According to The National Security Archive at George Washington University, the Executive Branch still has not responded to Freedom of Information Act (FOIA) requests filed during the early Clinton years. The oldest pending FOIA submission was made in September 1992 by the Archive for documents regarding nuclear weapons testing from 1959-1961. The request has languished because three federal offices—Department of Energy, Department of Defense and the Air Force Technical Application Center—must sign off before the information is released.
Other FOIA requests that have gone unfulfilled deal with such topics as the U.S. military’s 1961 reaction to the construction of the Berlin Wall, a full set of the “Pentagon Papers” (which has been public since 1971), the Reykjavik summit in 1986 between President Ronald Reagan and Soviet leader Mikhail Gorbachev, U.S. export policy to Iraq in the 1980s, Ronald Reagan’s consideration of judicial nominees, and the independent counsel’s report on the Iran-Contra scandal, as well as information about Robert Earl, who destroyed the records of Oliver North.

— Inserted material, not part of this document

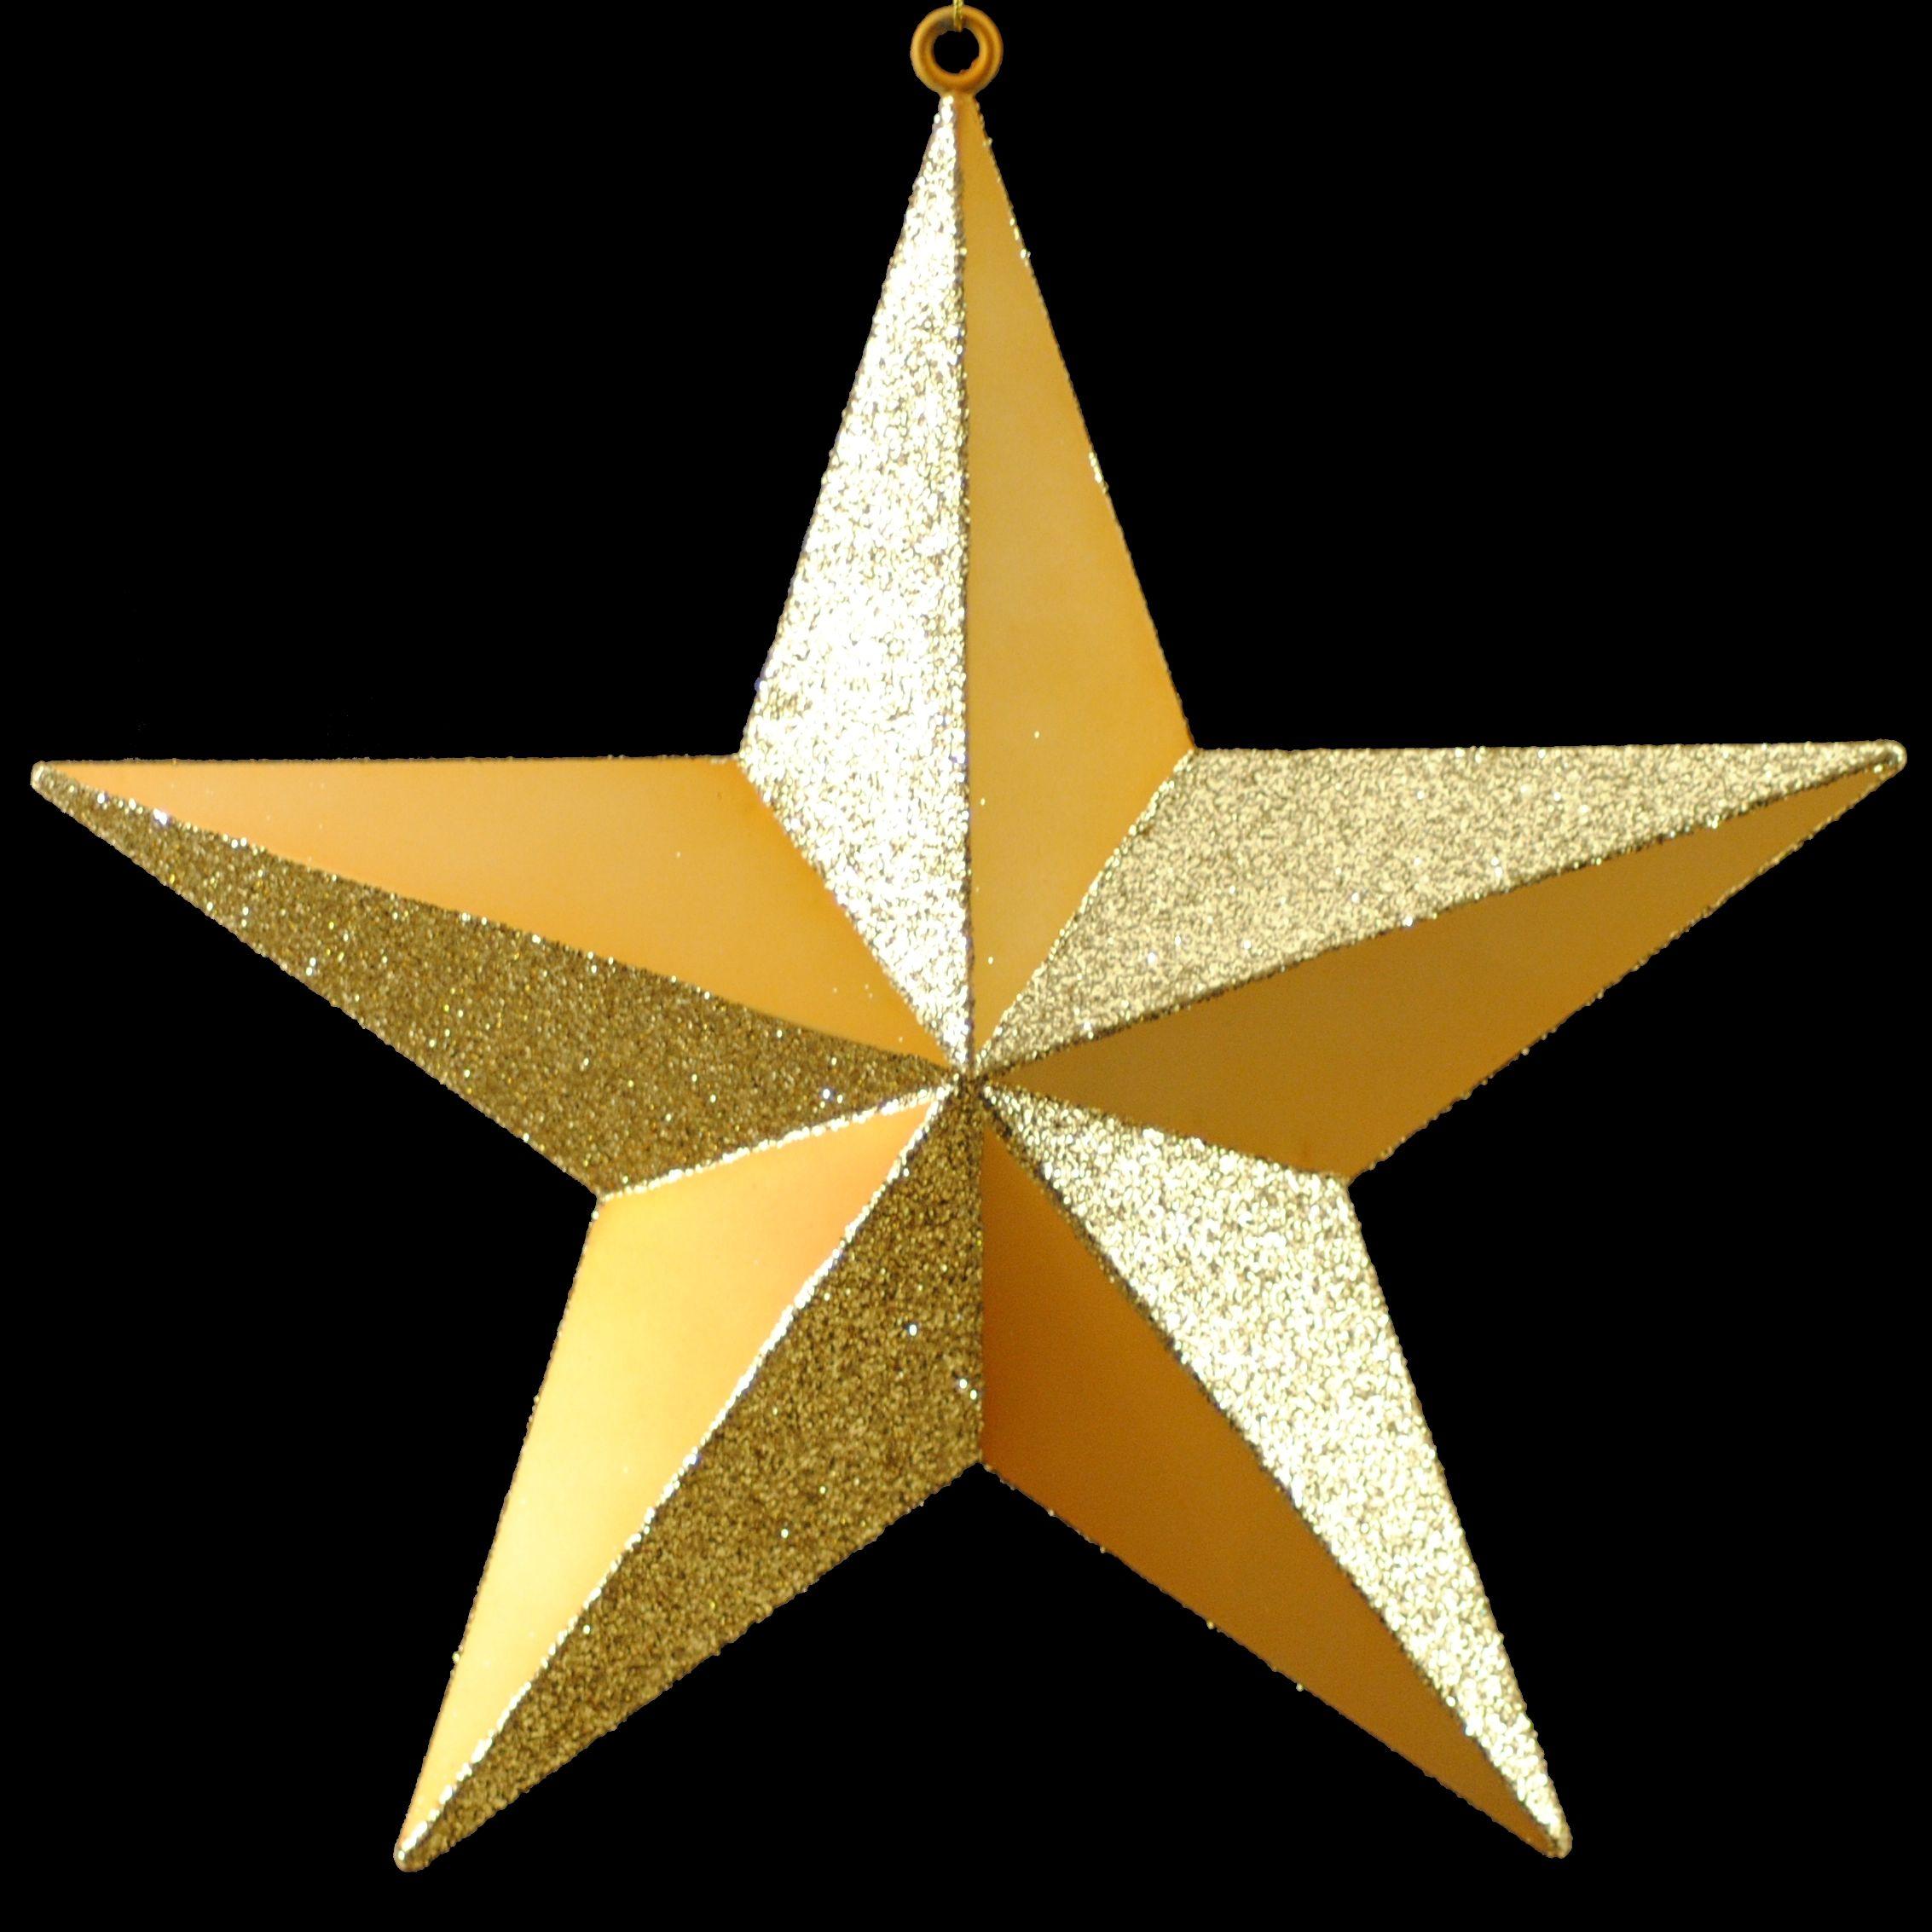 Big Gold Star Bing Images

Requests for presidential records are also delayed. Among those still not released are documents relating to Lyndon Johnson’s surveillance of civil rights groups, minutes of Richard Nixon’s National Security Council meetings, records relating to Ronald Reagan’s bombing of Libya in 1986 and the subsequent Libyan-backed bombing of Pan Am Flight 103, and Bill Clinton’s policies towards Rwanda and Haiti.